# The Jack Chop



## Shelly (Feb 27, 2010)

Extreme language + extreme violence = hilarity.


(Moderator comment: I have to warn you all, if you're offended by foul language, don't click on the link!)


----------



## sammi (Feb 27, 2010)

LOL!!! Thanks for that


----------



## Yvonne G (Feb 28, 2010)

This guy is so good at imitating the real guy who does the slap chop commercial! It was pretty gory, but mighty funny!


----------



## sammi (Feb 28, 2010)

emysemys said:


> This guy is so good at imitating the real guy who does the slap chop commercial! It was pretty gory, but mighty funny!
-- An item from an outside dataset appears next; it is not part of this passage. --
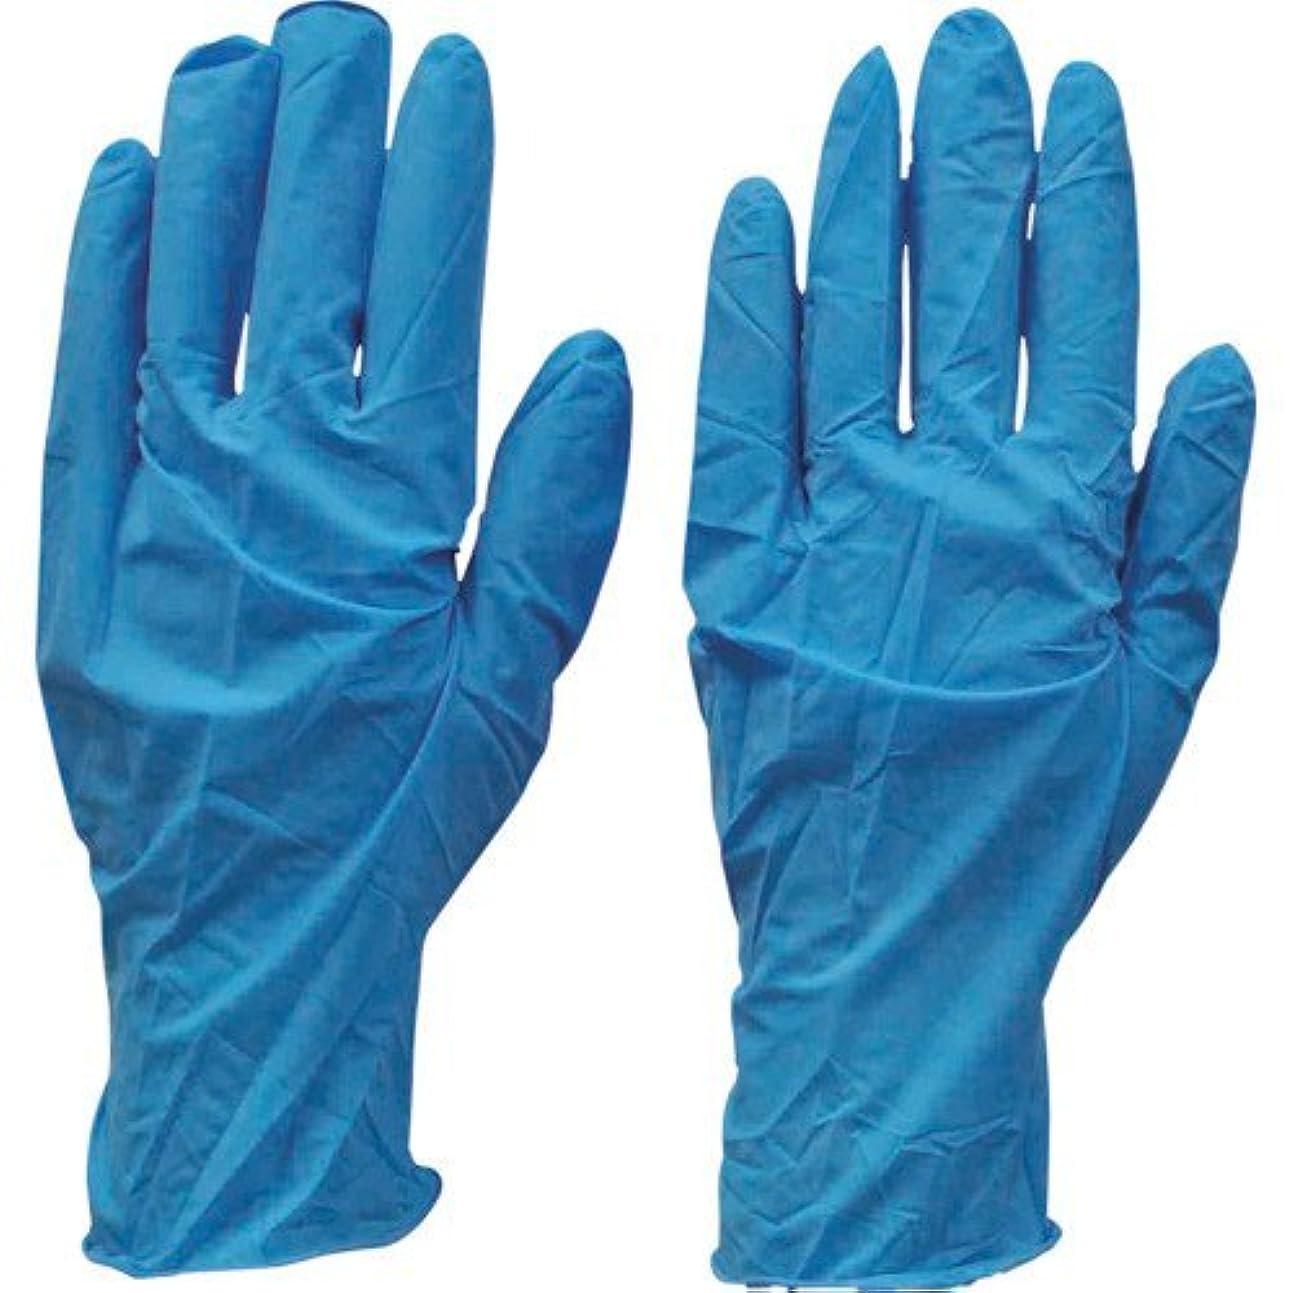 リクルート多様体コンクリートダンロップ N-211 天然ゴム極うす手袋100枚入 Lブルー N211LB

I agree! He's got it down to a T! Haha


----------



## Stephanie Logan (Feb 28, 2010)

Eeek! That made me cringe, but I forwarded it to my two oldest kids just the same. 

Gotta love those Bwahston accents!


----------



## terryo (Feb 28, 2010)

There goes my lunch! LOL


----------



## dmmj (Feb 28, 2010)

it sounds dirty, the name I mean


----------



## Stephanie Logan (Mar 1, 2010)

You do realize that your poor little doggy avatar bears the burden of guilt by association, don't you?


----------